A strange gas-ringed system has led scientists to revisit an older theory about solar system formation. A new study adds new insights into the centuries-old theory.

Some 450 light years from the Earth in the constellation Taurus, there is a young star with a peculiar feature that led scientists to revisit an old theory about the formation of solar systems. It is because this star, dubbed HL Tauri, was found to have a system of concentric rings of gas and dust, between the gaps of which planets are being produced.

So far, there are several theories as to how solar systems form, including the Nebular Theory, which suggests that the solar system started as a massive cloud of gas that contracts under self gravity, and the Capture Theory, which says the solar system was formed from interactions of the sun with a protostar.

What's interesting about HL Tauri is that it lends credence to an earlier theory by Pierre-Simon Laplace from 1796, which had suggested that the clouds of gas and dust around new stars combine to form rings and, eventually, planets. In 2014, an image of the planetary rings was even captured by the Atacama Large Millimeter Array.

In a new study published in the Journal of Mathematical Physics, a researcher used time-dependent Euler-Poisson equations to determine the conditions that could possibly form the ringed pattern and found that the process merely required the right circumstances.

"I was able to present three analytical solutions that demonstrate rings can form, insight that cannot be obtained from the original system of equations," study author Mayer Humi, of Worcester Polytechnic Institute, said in a news release. "The real challenge is to show that the rings can evolve further to create the planets."

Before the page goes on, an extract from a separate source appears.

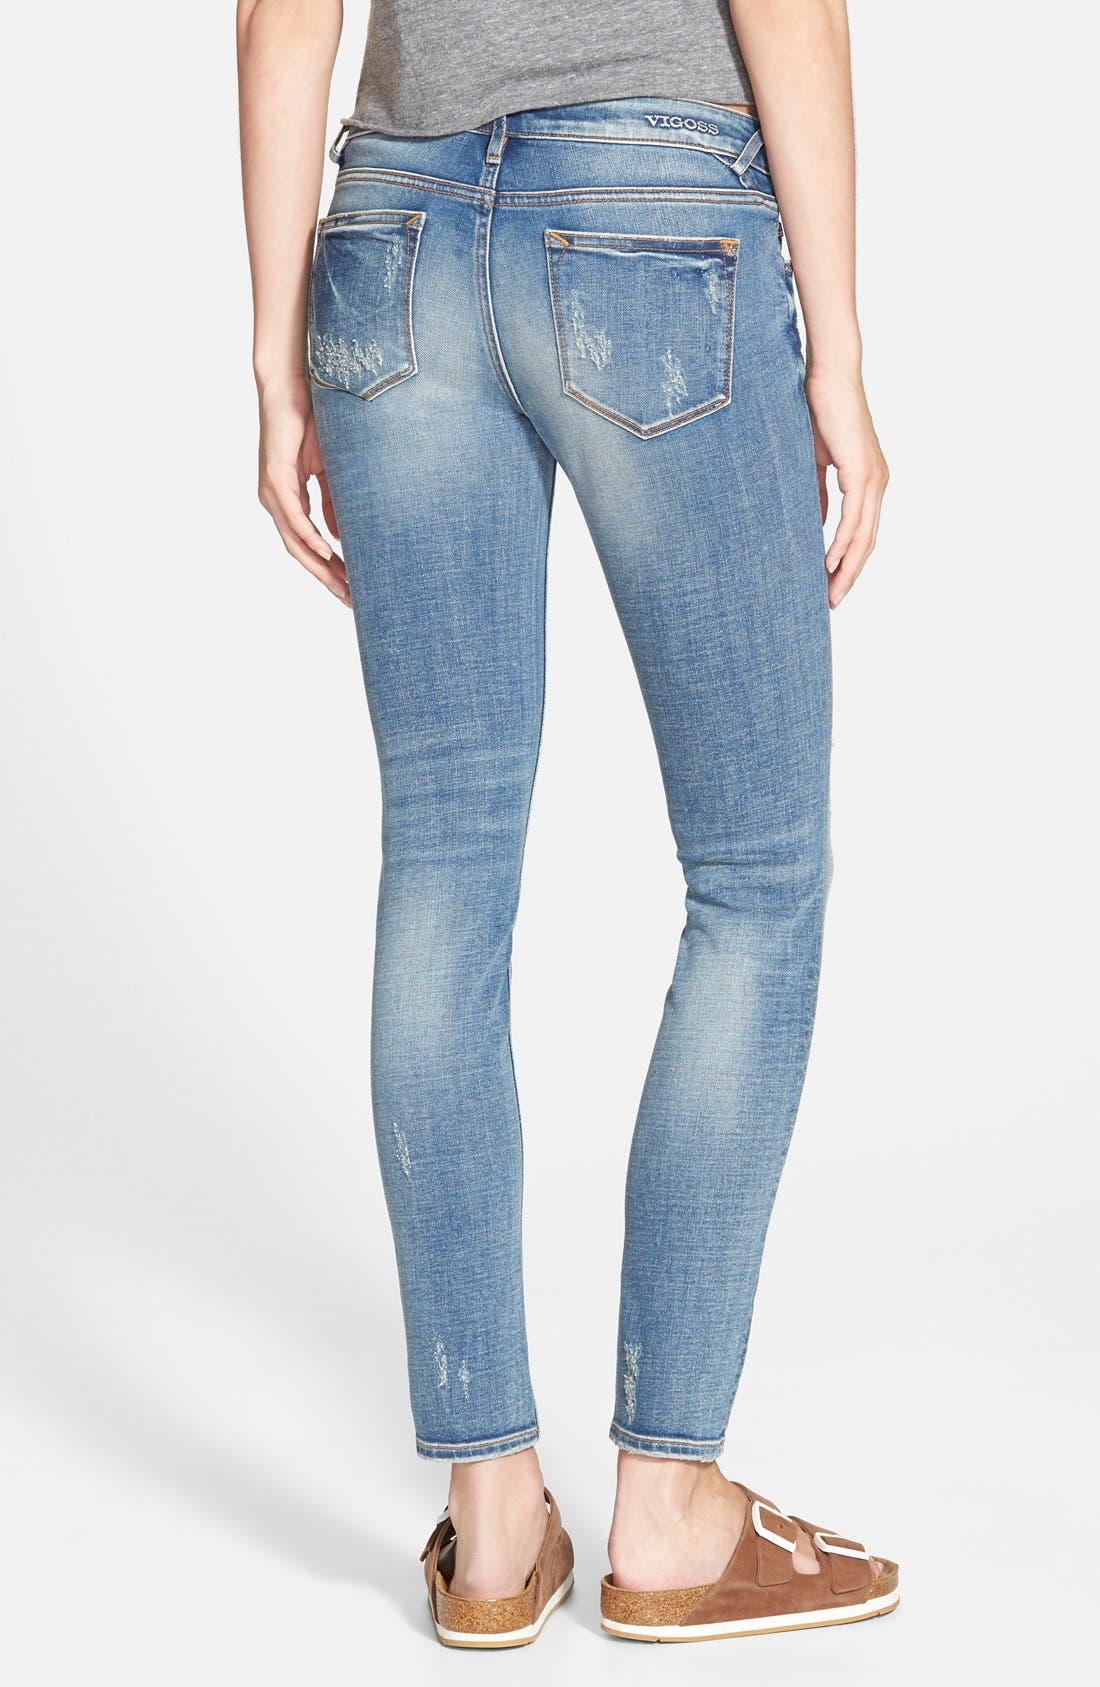 Alternate Image 2  - Vigoss Distressed Skinny Jeans (Light Wash)
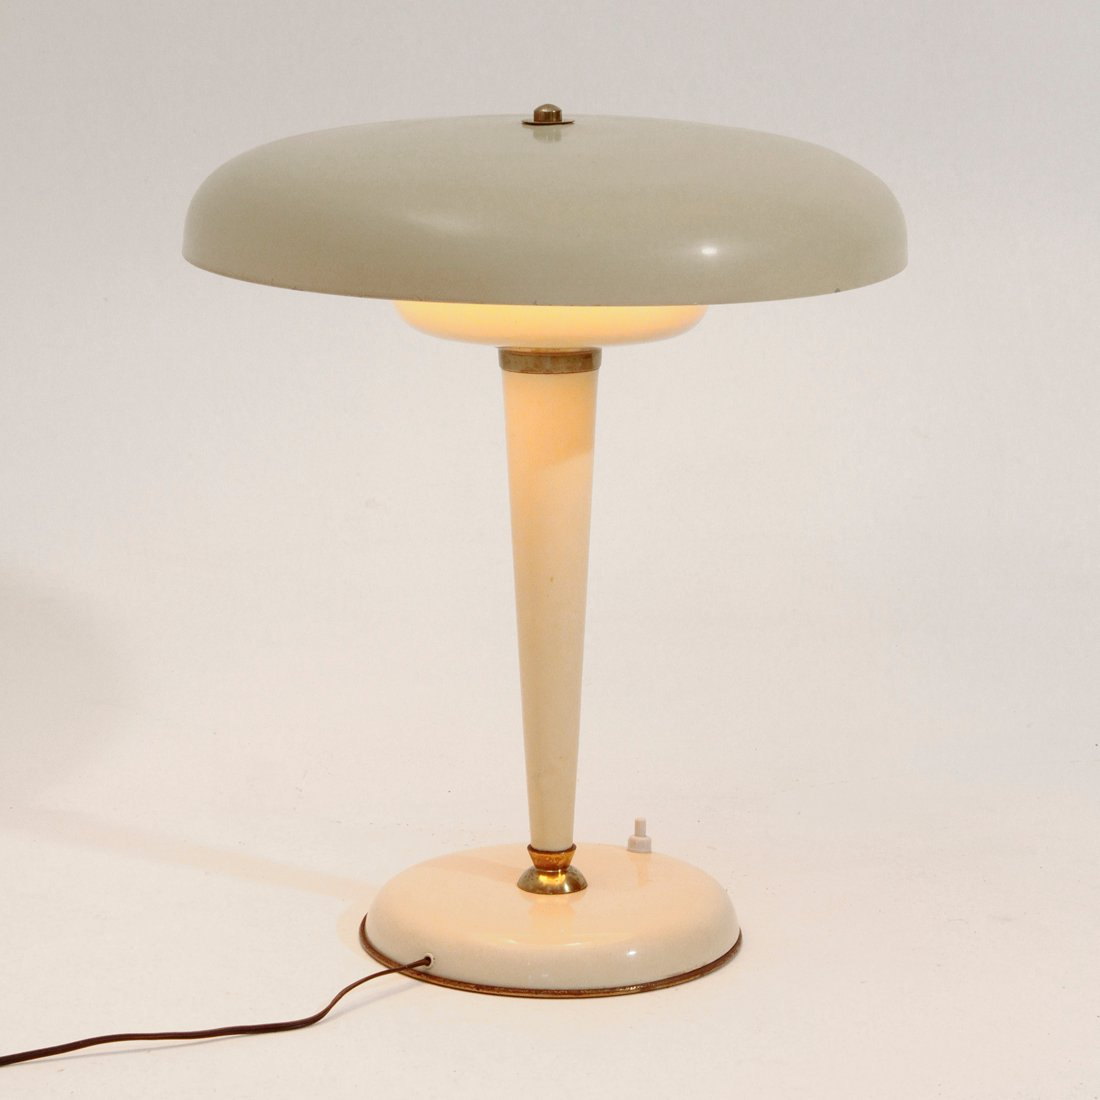 art deco tischlampe 1940er bei pamono kaufen. Black Bedroom Furniture Sets. Home Design Ideas

So far, the theories regarding the formation of solar systems help provide an overall understanding of how they form. However, there is no one specific theory that can provide a complete and flawless explanation for these events. With HL Tauri and the new study, there would be new possibilities for astronomers to explore.

"(I)t is hoped that the present analytic study may prove to be useful for astronomers seeking to understand the origin of ring-like structures and embedded planets in gaseous circumstellar disks, such as that of HL Tau," the author wrote in the study.